For my mysteries, I shoot for 64 scenes, 64,000 words. The time-traveling-Indiana-Jones scifi adventure I’m working on now needed to be longer, so I created a list of 100 scenes.

The story movement elements and journey waypoints fill in about 20 scenes in the new scene list spreadsheet. (The 12 sentences overlap the 15 Story Grid elements to some extent, which is why we get about 20 scenes rather than 27.)

Each of those scenes calls for other scenes to set them up or explain the fallout, which I add to the scene list spreadsheet. Some scenes naturally grow into entire sequences, small story arcs of three or more scenes tied together to deliver an important story point.

By the time I’m done jotting quick, high-level notes about all the scenes I know have to be written, I usually have about two-thirds of the scene list filled in.

Aside: Which Comes First, the Planning or the Pantsing? Answer: Either. Or Is It Both?

It is entirely possible that it works better to pants the entire story, then retrofit the structure. I did that with the first Jesse Donovan novel That She Is Made of Truth.

If you can write the whole story down quickly, it allows you to go back and find the theme, the underlying life lesson your book is secretly about. Trust me (or trust Steven Pressfield) most writers have no clue what the theme of their work is until they’ve had time to ruminate, or had it explained by an editor or reader. (As I’ve always said, it’s hard to read the label when you’re inside the bottle.) Once you have your theme, you can write your 12 sentences based on the theme.

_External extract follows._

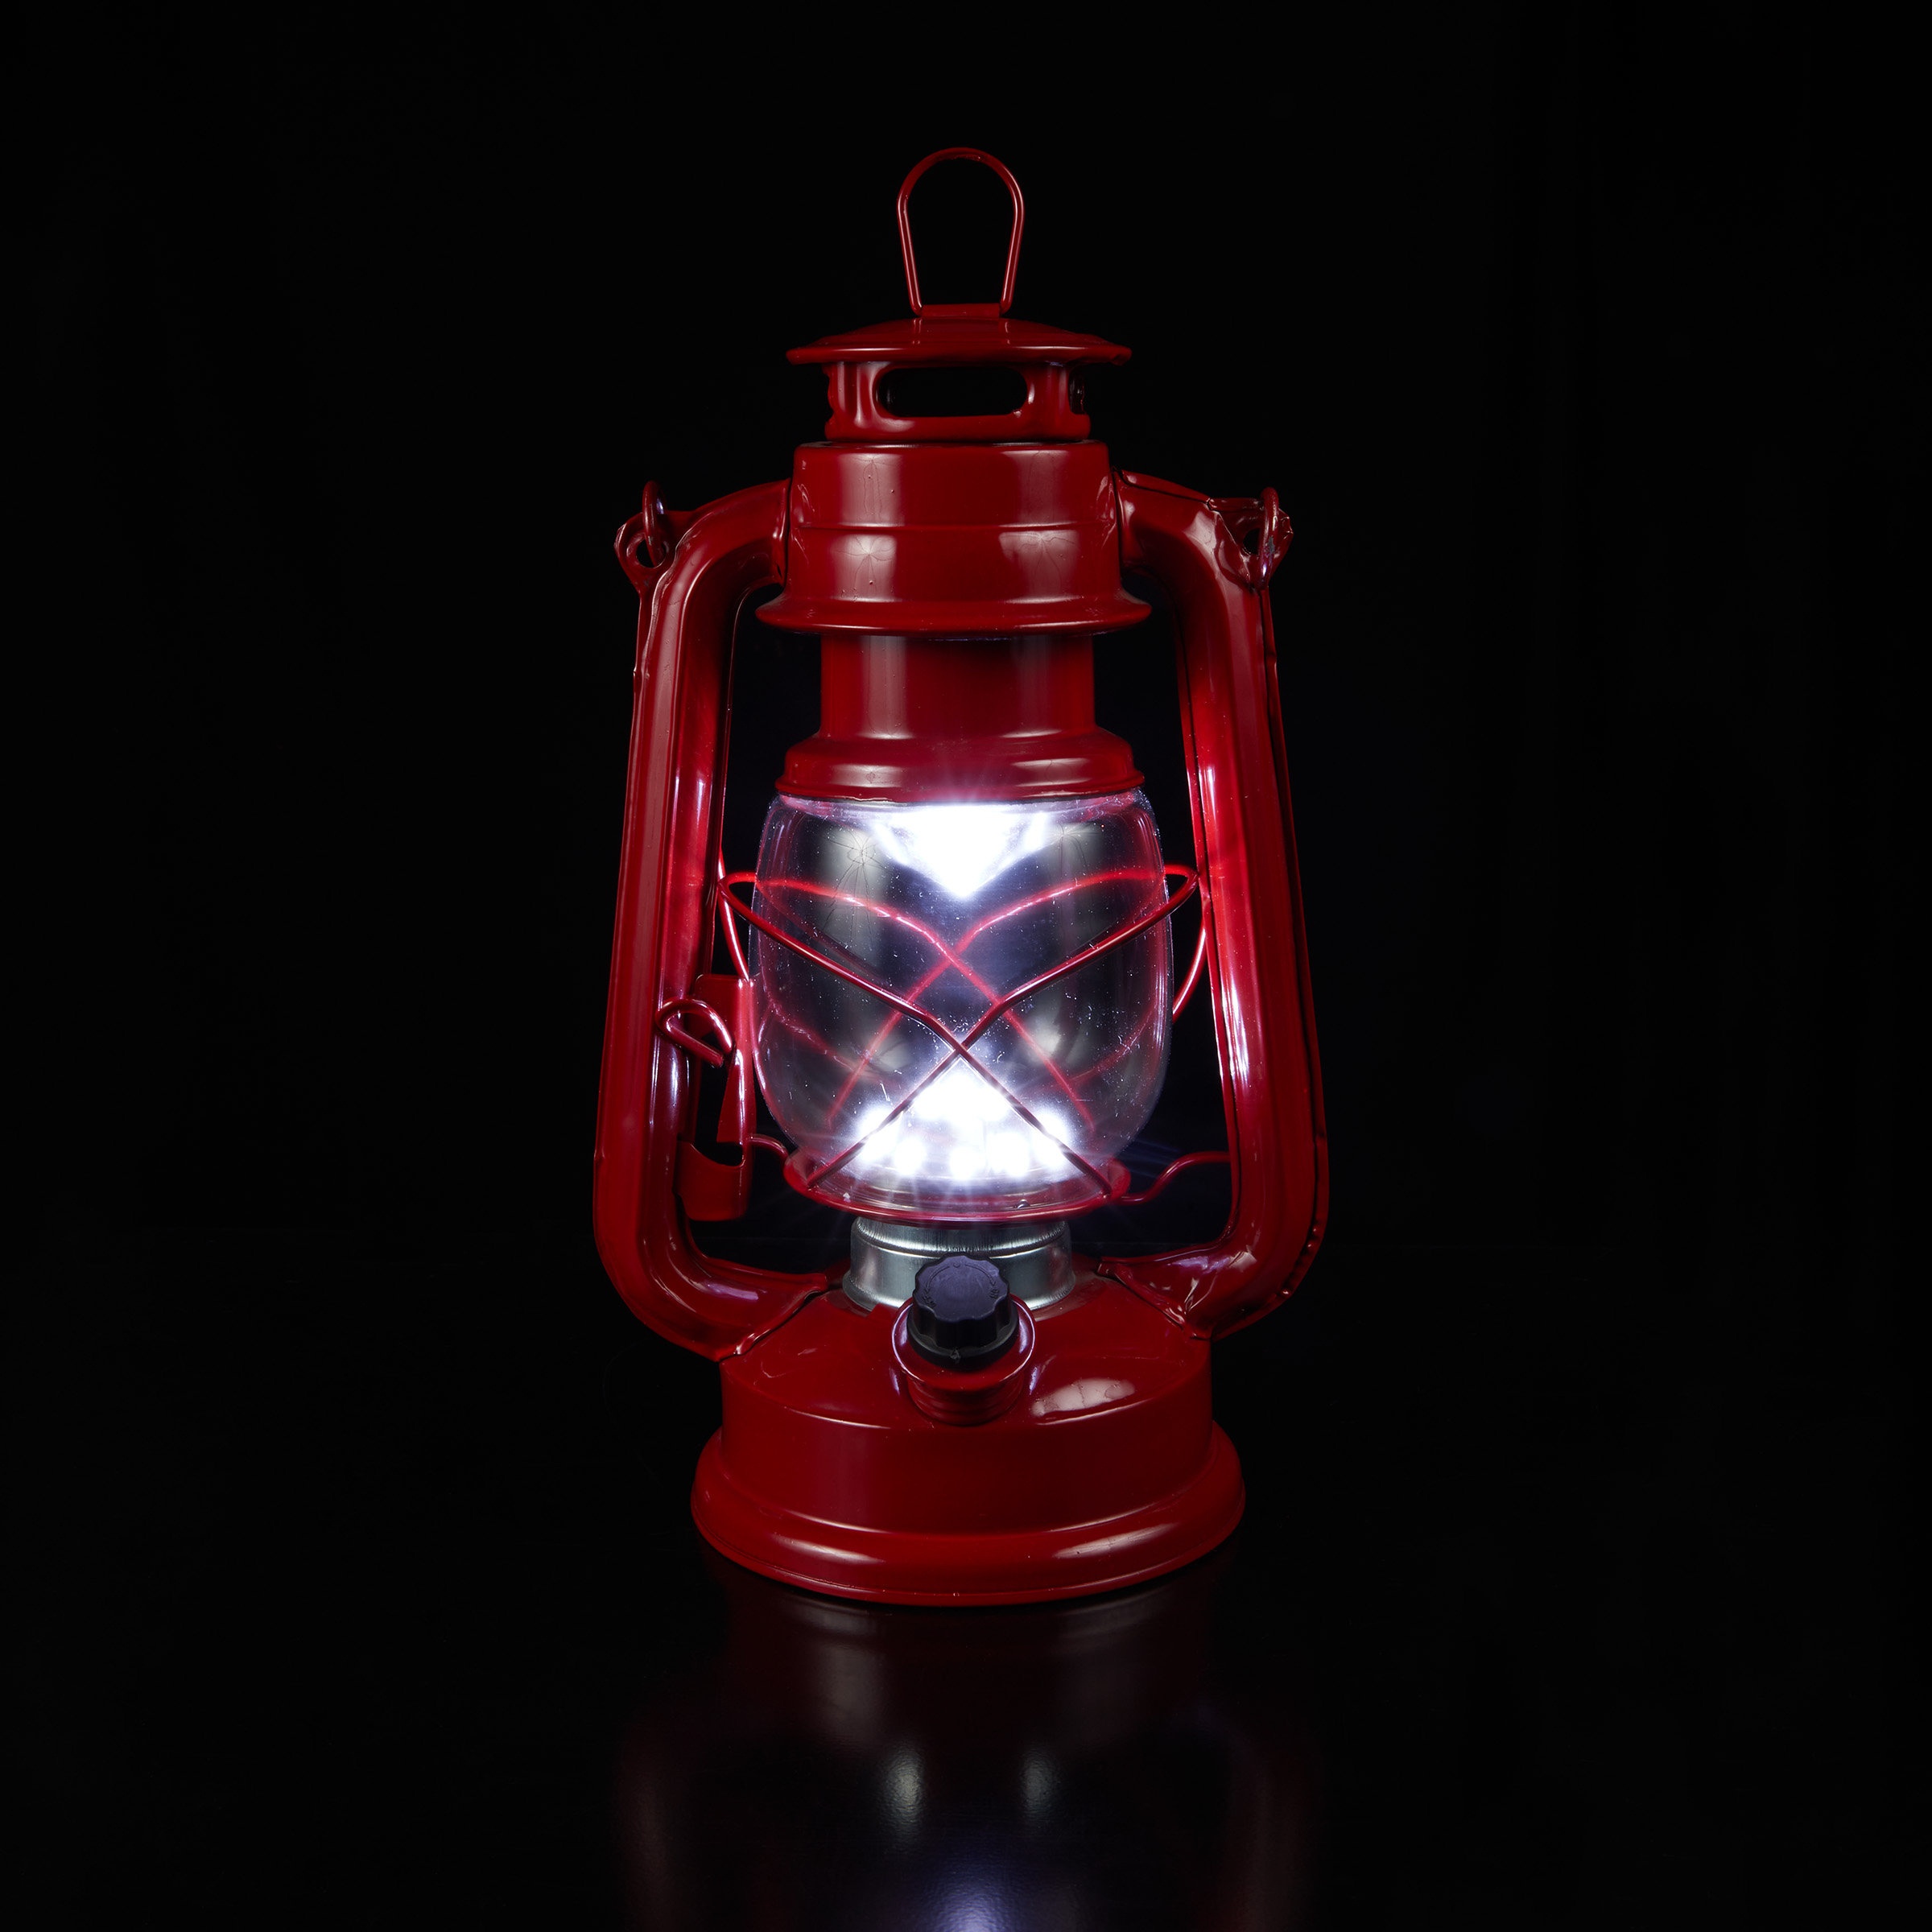 14 Hexagonal Candlelit Iron Lantern with LED Lights Black/White - Alpine Corporation

Sometimes pantsing hits a wall. The process I’m sharing is the best way I know to bust through, either by switching to planning mode completely, or until the dam bursts and you dive back into the maelstrom of mad writing.

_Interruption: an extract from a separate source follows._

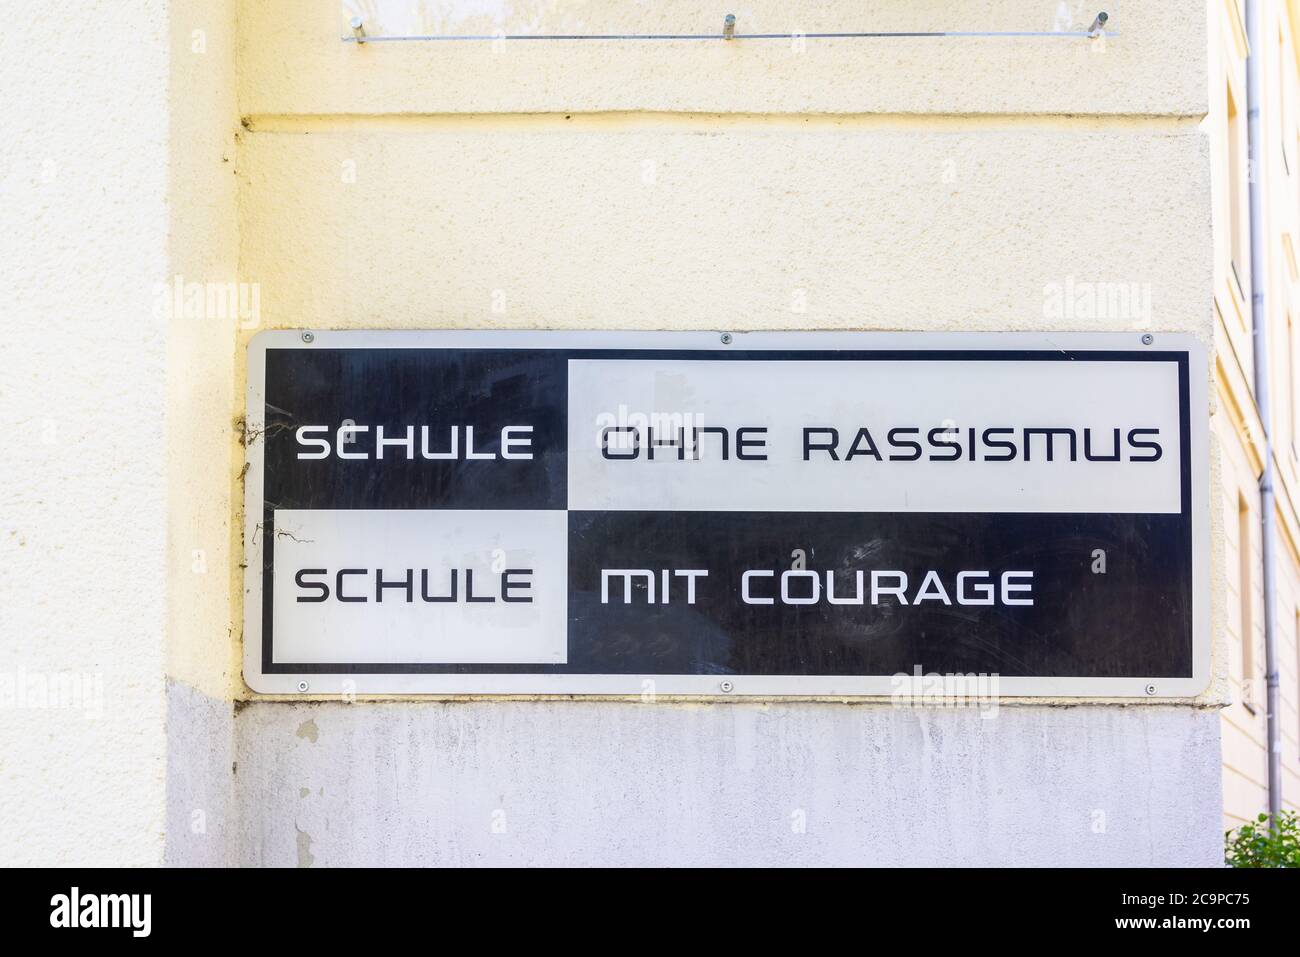 Schule ohne Rassismus, Schule mit Courage Schild - Schule ohne Rassismus, Schule mit Courage Schild vor einer deutschen Hochschule in Berlin, Deutschland, Europa Stockfoto

Even if you plan first, the brevity of the 12 sentence process allows you infinite freedom to pants from waypoint to waypoint as freely as any other process.

The Rest of the Story

Subplots, logical deduction, and discoveries along the way fill in the rest of my scene list.

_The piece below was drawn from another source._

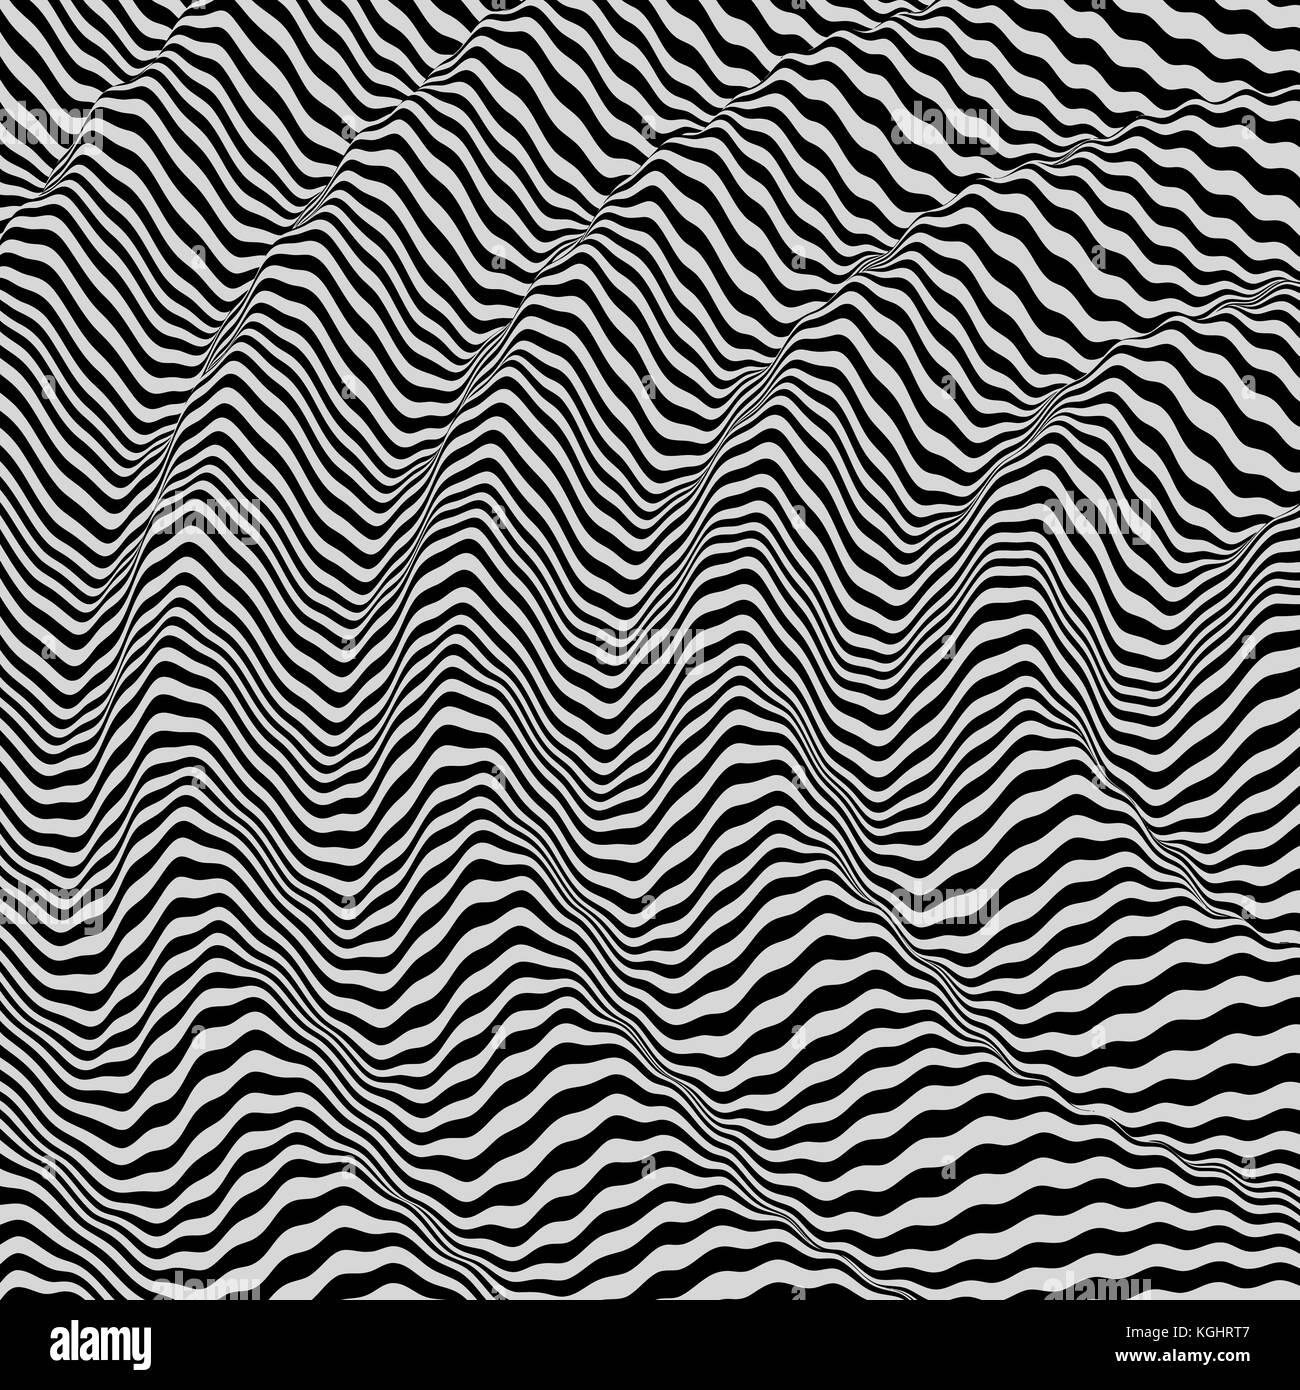 3d-wellig Hintergrund. dynamische Wirkung. schwarz-weiß Design. Muster mit optischen Täuschung. Vector Illustration. Stock Vektor

I always try to include at least one subplot, two if I can. One parallels the main plot in a minor fashion, tying into the main plot’s resolution near the end. The other is a mirror, the opposite of the main plot, failing where the main plot succeeds or otherwise playing out differently from the main plot.

Once I get that far, I have very few holes in my scene list. Those fill themselves in as single scenes expand into two or three, or as other necessary scenes are discovered when I start pantsing my way through the first draft.

The scene list rescued me from the crisis I described in Part 1, wondering how a shift from a technical environment to an ancient jungle could make sense in my story.

Now the Hard Part Isn’t as Hard

Once I have the list, I do what most writers consider the hard part: I sit down, every weekday, and write.

I usually start with a single scene per day, but before long I’m writing two or three, and as I near the end, I’ll write 4,000-5,000 words a day in a race with my hero to the end of the book.

Because I did the hard work of finding the story’s structure and creating a plan, getting words out every day isn’t the struggle it used to be. There are still days I have to fight resistance to sit down and do it, and days I’m not sure where I’m going or what I’m doing. Those are the days I have to trust that I knew what I was doing when I created the plan.

It’s not magic. It doesn’t take the work out of writing. It allows me to do the hard work at the right times, and to use the correct side of my brain for each part of the writing process.

When I’m confused or stuck, I know what to do. It’s right there in the plan.